Fig. 4. Remote NIR identification of bacteria.

a A simple NIR stand-off setup enables remote (25 cm) imaging of the NIR fluorescent sensors embedded in a hydrogel (HG) array. b Photograph (in the visible spectrum) of the HG nanosensor array and its corresponding NIR fluorescence image (scale bar 0.5 cm). c Arrangement and functionality of the 9 sensors in the HG array. d Remote NIR fluorescence image of a sensor array incorporated in a microbiological agar plate, inoculated with S. aureus. During bacterial growth the sensor pattern changes (scale bar 0.5 cm). e Corresponding sensor response normalized to the EB-NS signal during S. aureus growth, from 0 to 72 h (n = 3 independent experiments, mean ± SD). f Representative fluorescence response fingerprint of six pathogens, monitored after 72 h. g Fluorescence SWCNT array fingerprint of all bacteria and strains, evaluated after 72 h. (ΔI_SR—sensor response: I_S1/I_R1/I_S0/I_R0; I_S—intensity sensor, I_R—intensity reference (EB-NS)) (n = 3 independent experiments, mean ± SD). h PCA (principal component analysis) of the fluorescence fingerprint of all analyzed strains, plotted for different timepoints (12–72 h). Each point represents one bacterial sample including clinical isolates from different patients. Control = medium only. i Mean sensor array fingerprint from diverse clinical isolates of each S. aureus (n = 21 biologically independent samples) and S. epidermidis (n = 22 biologically independent samples) 72 h after incubation. (error = SE). j Corresponding PCA for the array fingerprint after 72 h growth of the clinical isolates of S. aureus and S. epidermidis. k Time resolved fluorescence change of the nanosensor array after addition of liquid culture supernatant from P. aeruginosa. (24 h incubation in LB-medium, I—intensity sensor at t = x; I₀—intensity sensor at t = 0) (mean of n = 3 independent experiments). l Stochastic simulation that predicts how bacteria discrimination improves with number of sensors. The simulation is based on experimental responses and selectivities as range for novel sensors and uses PCA as well as mean linear discrimination analysis (LDA) to distinguish bacteria. Mean values are plotted and the dashed lines/transparent area represent the SD from 25 independent simulations. Ellipses in (h, j) indicate the 0.68 bivariate confidence interval.

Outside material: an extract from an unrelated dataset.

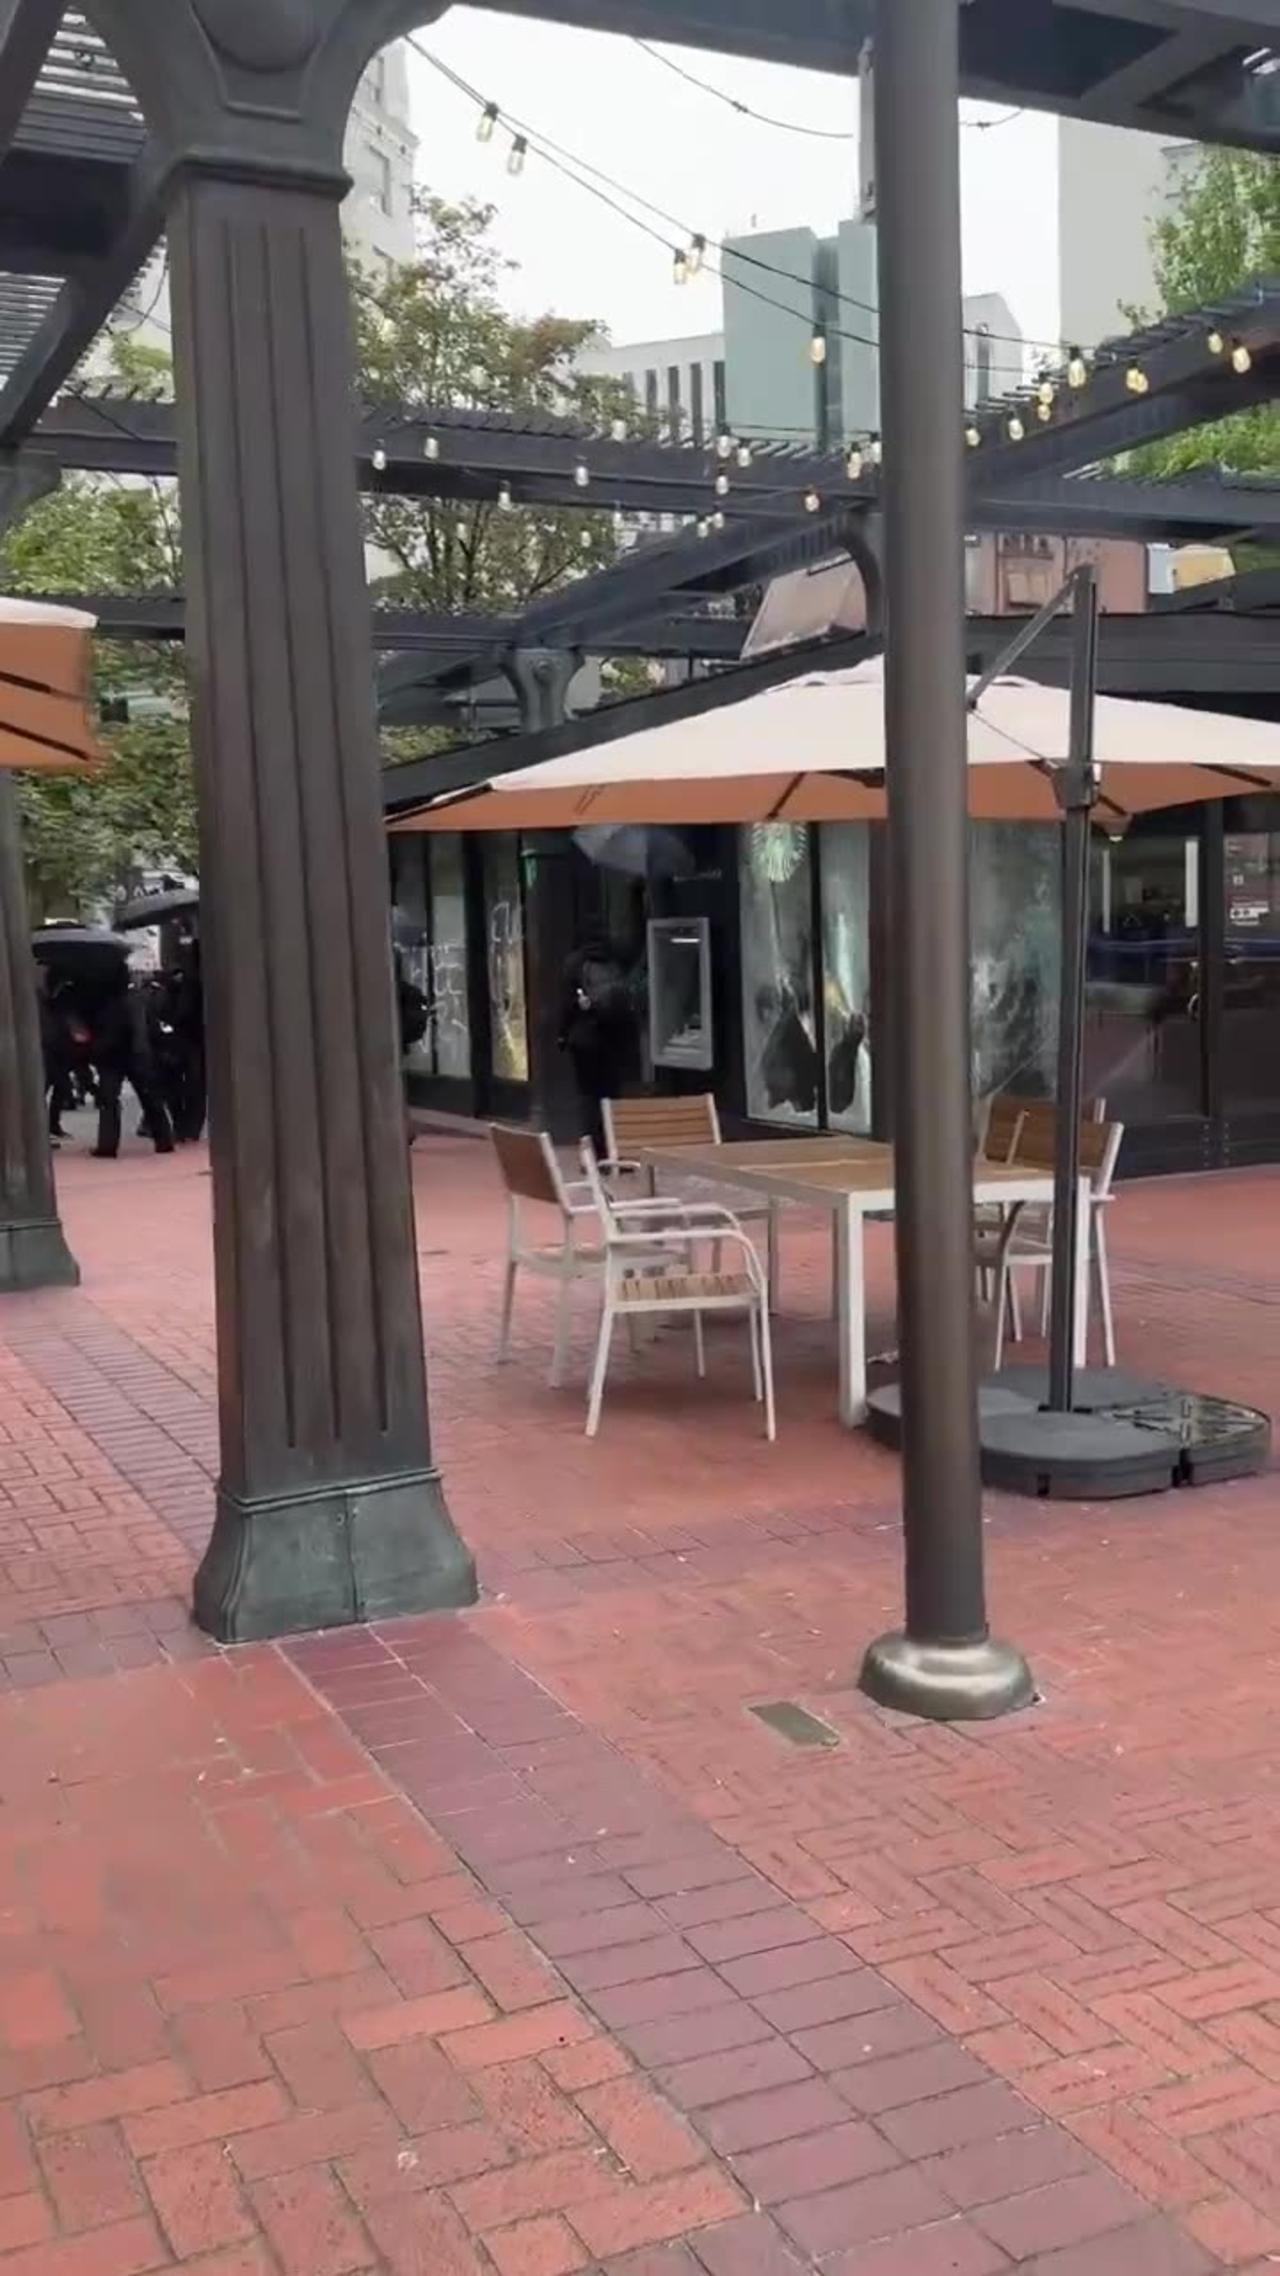 Portland - Antifa destroying a Starbucks

Fig. 5. Hyperspectral remote detection of bacteria.

a Multi-color sensor HGs are created by incorporating EB-NS as reference NIR-fluorophore and two chirality-purified SWCNT sensors (LPS-binding-peptide-(GT)₂₀@(6,5)-SWCNTs and PEG(5 kDa)-PL@(9,5)-SWCNTS), which enables spectral multiplexing. NIR fluorescence images were captured with optical filters, resulting in three emission/color channels (EB-NS 900–950 nm, bLPS 1000 nm and PEG 1250 nm). Note that heterogeneity in fluorescence of the three technical replicates is caused by inhomogeneous illumination intensity and not relevant for quantification because of normalization to the EB-NS reference (scale bar 0.5 cm). b Fluorescence change of the hyperspectral sensors after 72 h of incubation with P. aeruginosa and S. aureus show distinct responses for one reference strain and two clinical isolates (n = 3 independent experiments, mean ± SD). c PCA of the spectrally encoded sensors for different timepoints. Each point represents one biological replicate of the indicated strain. Ellipses indicate the 0.68 bivariate confidence interval. d Tissue penetration through chicken phantom (561 nm excitation, 130 mW, 6 s integration time, n = 3 sensor spots, mean ± SD). Intensity decreases with tissue thickness. e If the integration time is increased (25 s, 190 mW excitation power) spectrally encoded bacterial sensors can be read out through 7 mm of tissue phantom (n = 3 independent experiments, mean ± SD).